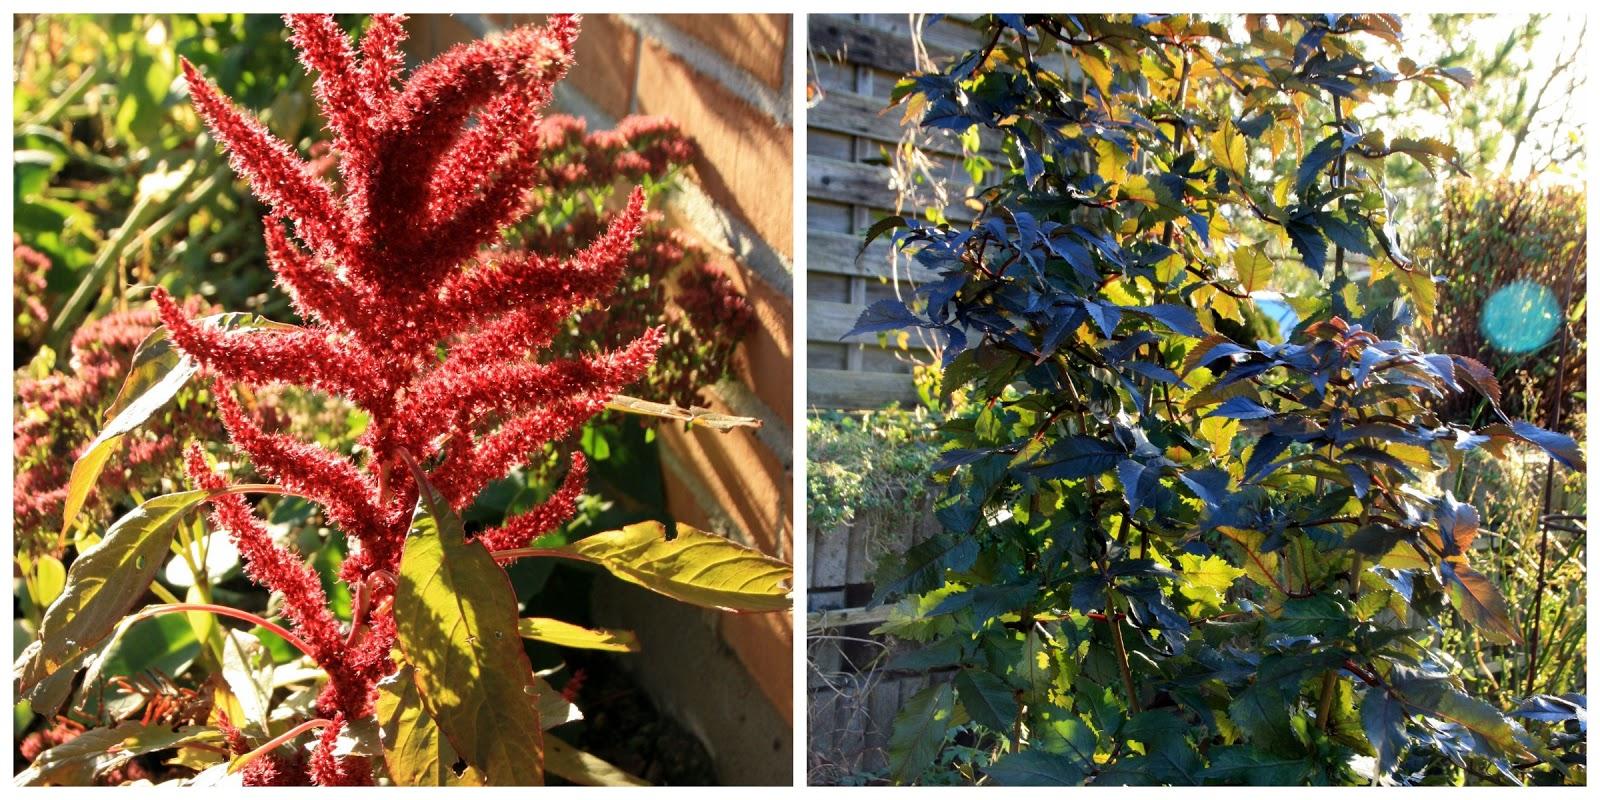 Frk. Anemone: Haven i dag, en solskinsdag i november
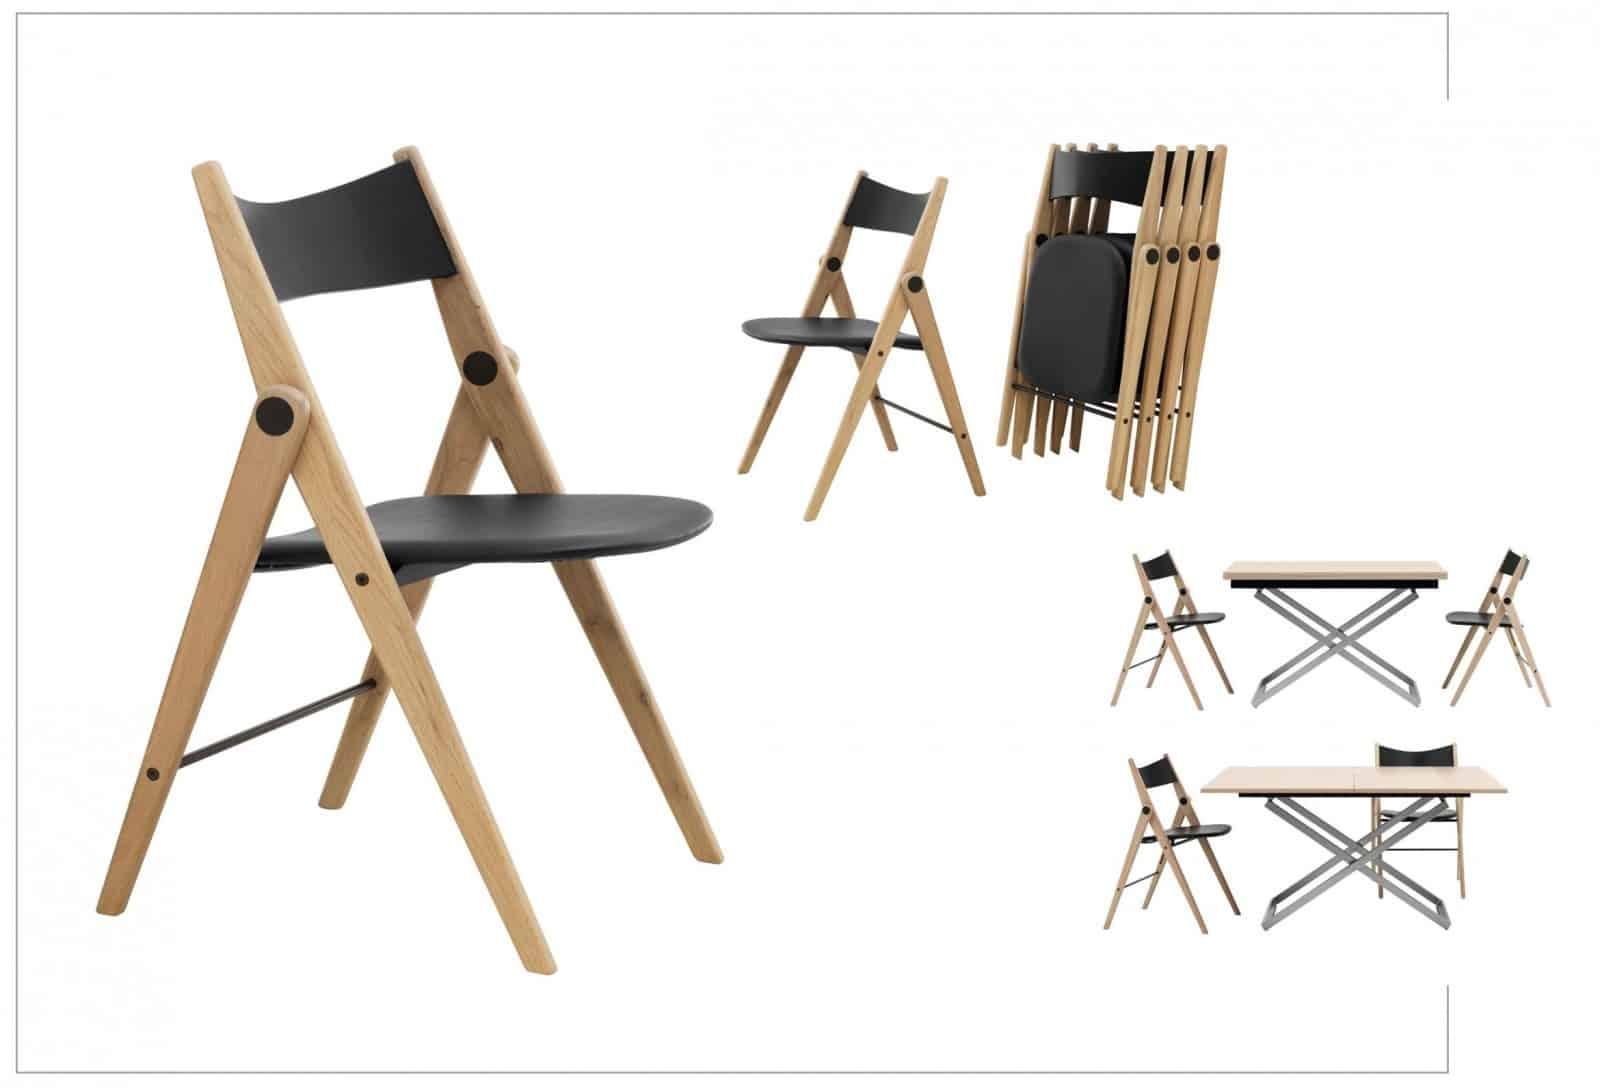 lieferung vor weihnachten bestellen bis. Black Bedroom Furniture Sets. Home Design Ideas
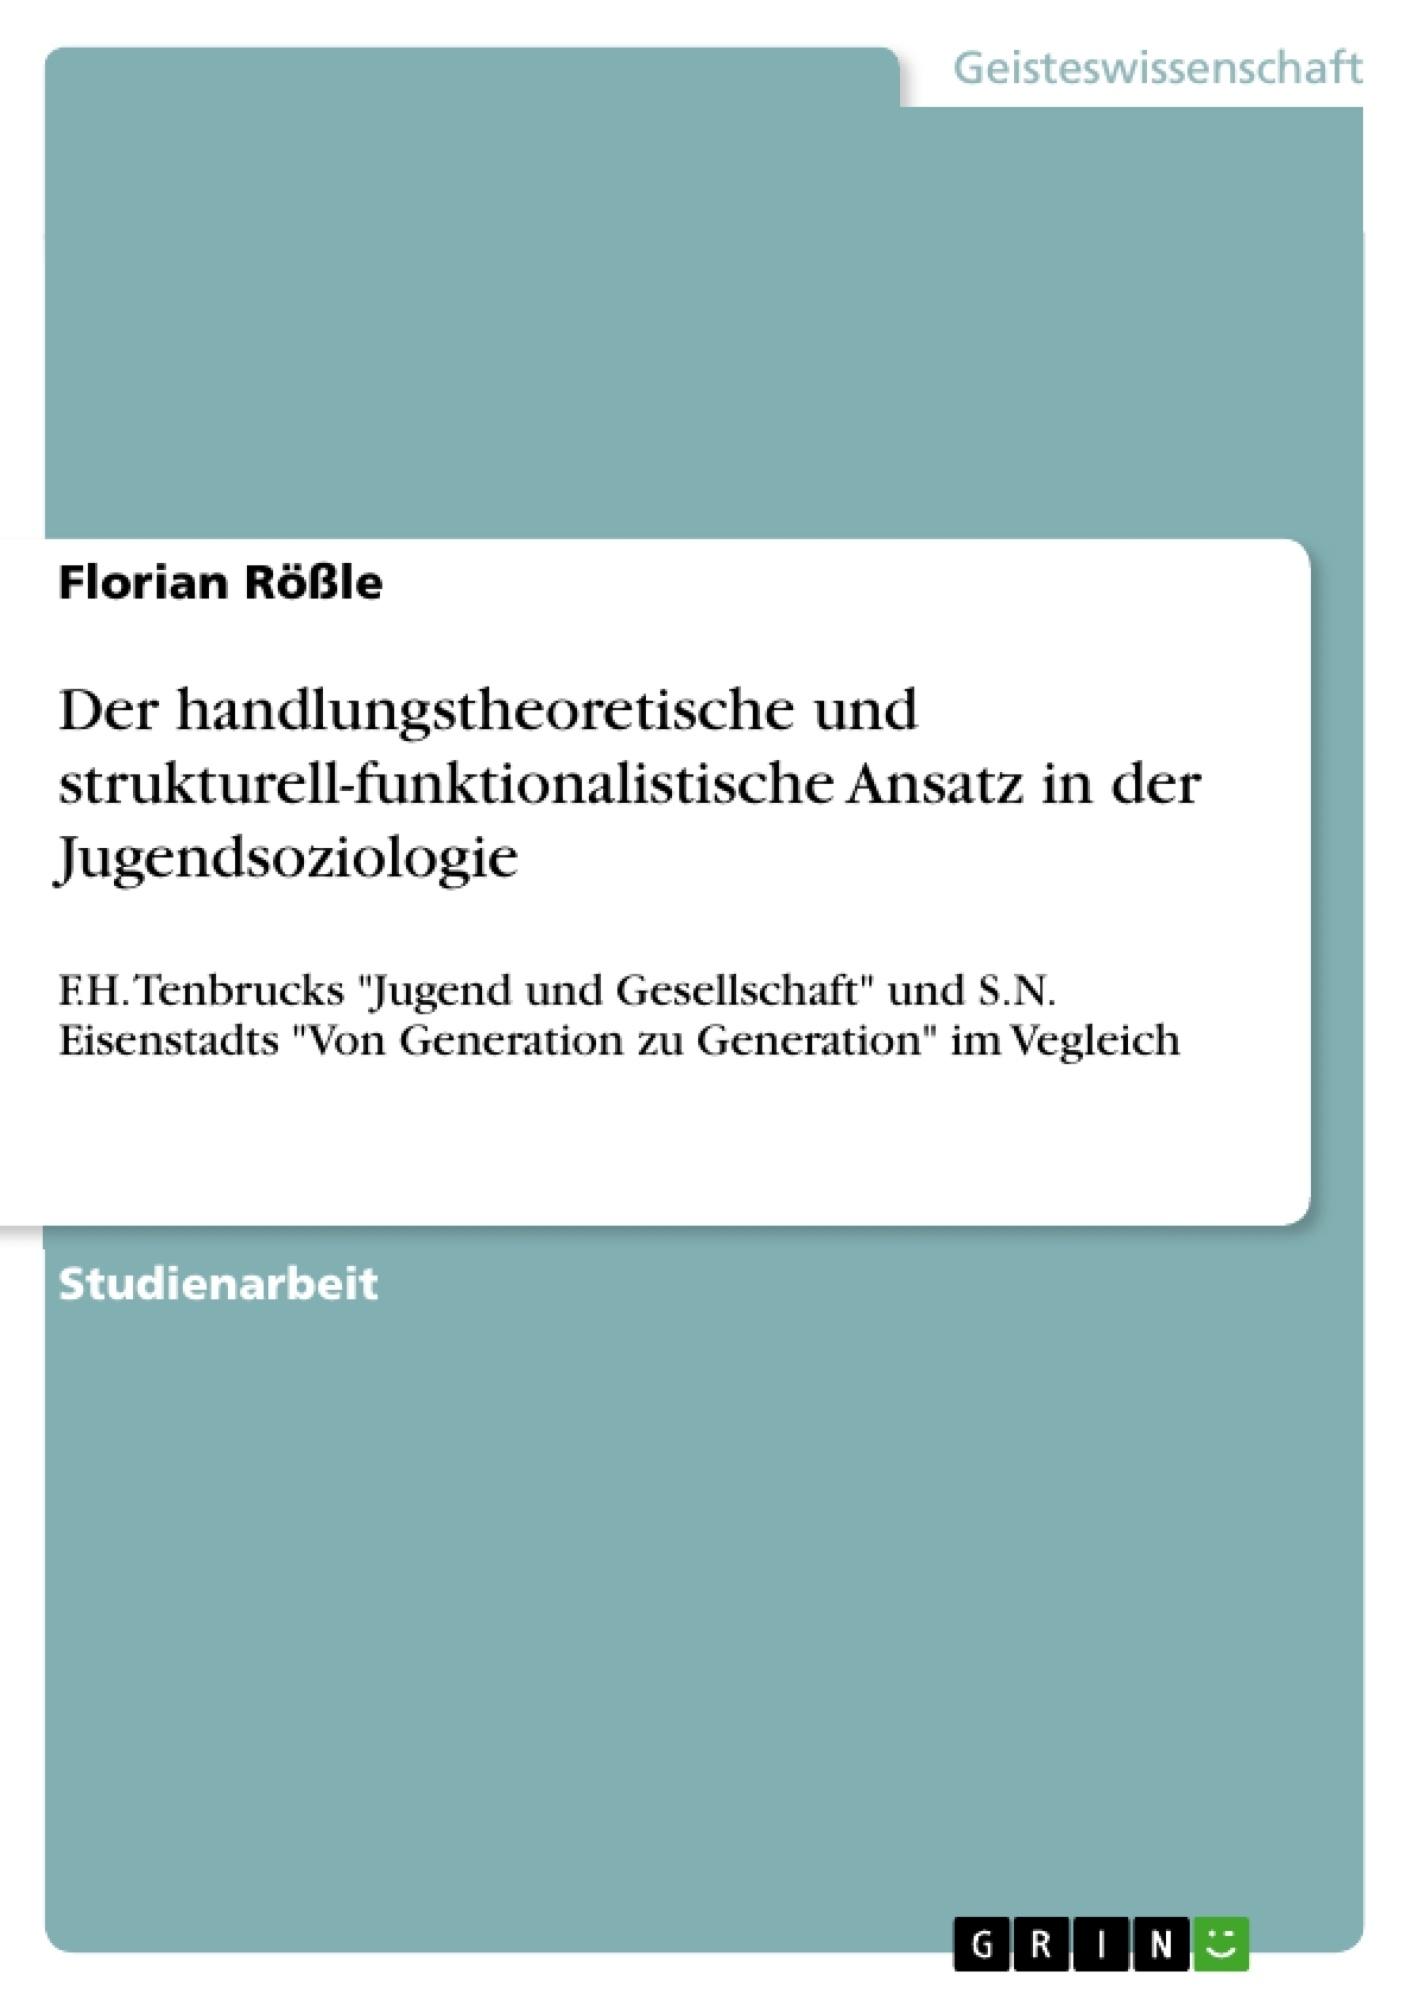 Titel: Der handlungstheoretische und strukturell-funktionalistische Ansatz in der Jugendsoziologie

### ASSIGNMENT
Write the lines from the line containing "lieferung vor weihnachten" through the last line of the data out again exactly, and only those lines; pictures stay out.

### EXPECTED ANSWER
 lieferung vor weihnachten bestellen bis. Black Bedroom Furniture Sets. Home Design Ideas
 Titel: Der handlungstheoretische und strukturell-funktionalistische Ansatz in der Jugendsoziologie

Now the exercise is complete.